Tested on: Raspberry Pi (ARM), Linux x86, macOS.
my-project/
├── me_state.db (auto-created database)
├── txt_extracted/ (source texts as .txt)
├── analysen/ (analysis files)
└── logs/ (log files)
| File | Purpose |
|---|---|
__init__.py |
Package marker |
me_config.py |
Project configuration, path resolution |
me_constants.py |
Domains + aspects (edit per project) |
me_core.py |
Database + ME core logic |
me_network.py |
Weighted connections between ME |
me_trigger.py |
Query interface + cycle control |
me_cycle.py |
72-step cycle engine (precession-based time tick) |
me_refiner.py |
Keyword Miner — parameter extraction from texts |
me_query.py |
Knowledge gap search |
me_explorer.py |
Autonomous explorer daemon |
me_daemon.py |
Autonomous cycle daemon |
1. No hallucinations — Every output is based on real source documents. No guessing, no inventing.
2. Runs on a Raspberry Pi — ~200 MB RAM. No GPU. No cloud. 24/7.
3. Platform-independent — Linux, macOS, Windows. Python 3 + SQLite. Done.
4. Domain-agnostic — One framework for any knowledge domain. One domain set per project.
5. No black box — Every formula, every connection, every score is traceable and editable.
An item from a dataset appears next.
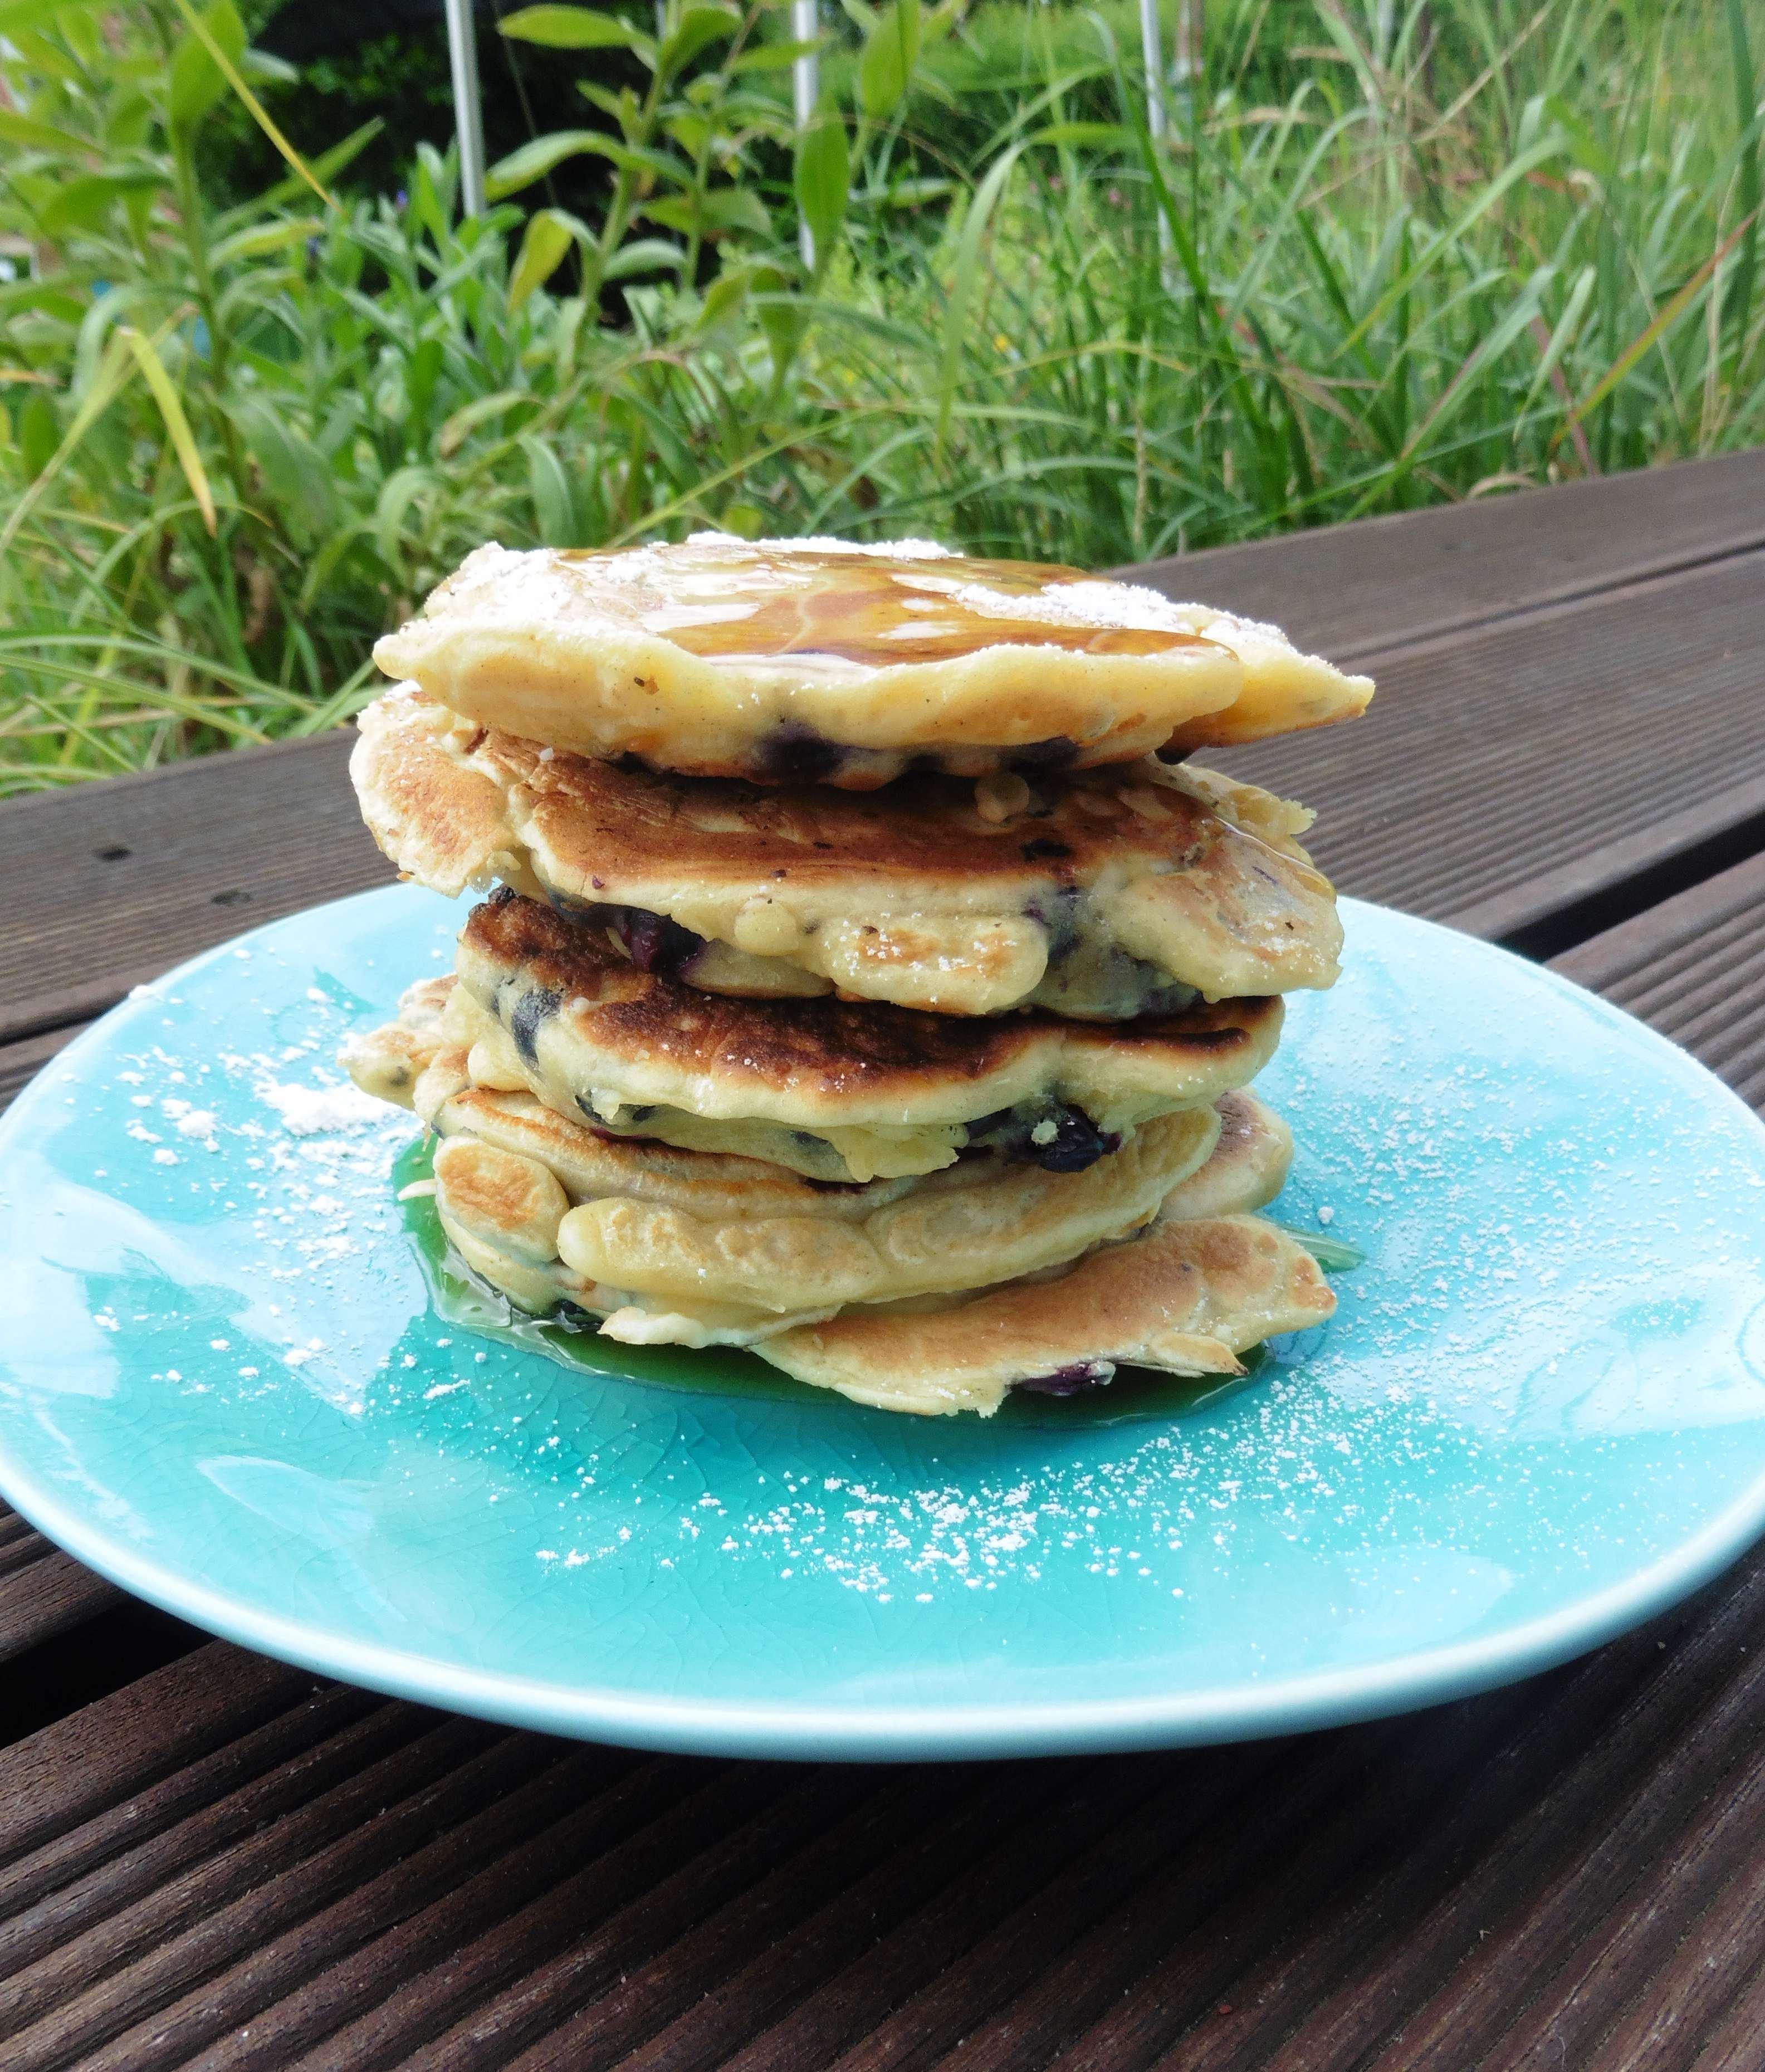 Blaubeer-Frischkäse-Pancakes

6. Scales linearly — More domains = more ME. The code stays the same.
7. Fully reproducible — Same input always produces the same output.
GNU General Public License v3.0
This program is free software: you can redistribute it and/or modify it under the terms of the GNU General Public License as published by the Free Software Foundation, either version 3 of the License, or (at your option) any later version.
All derivatives and modified versions must also be published under GPL v3.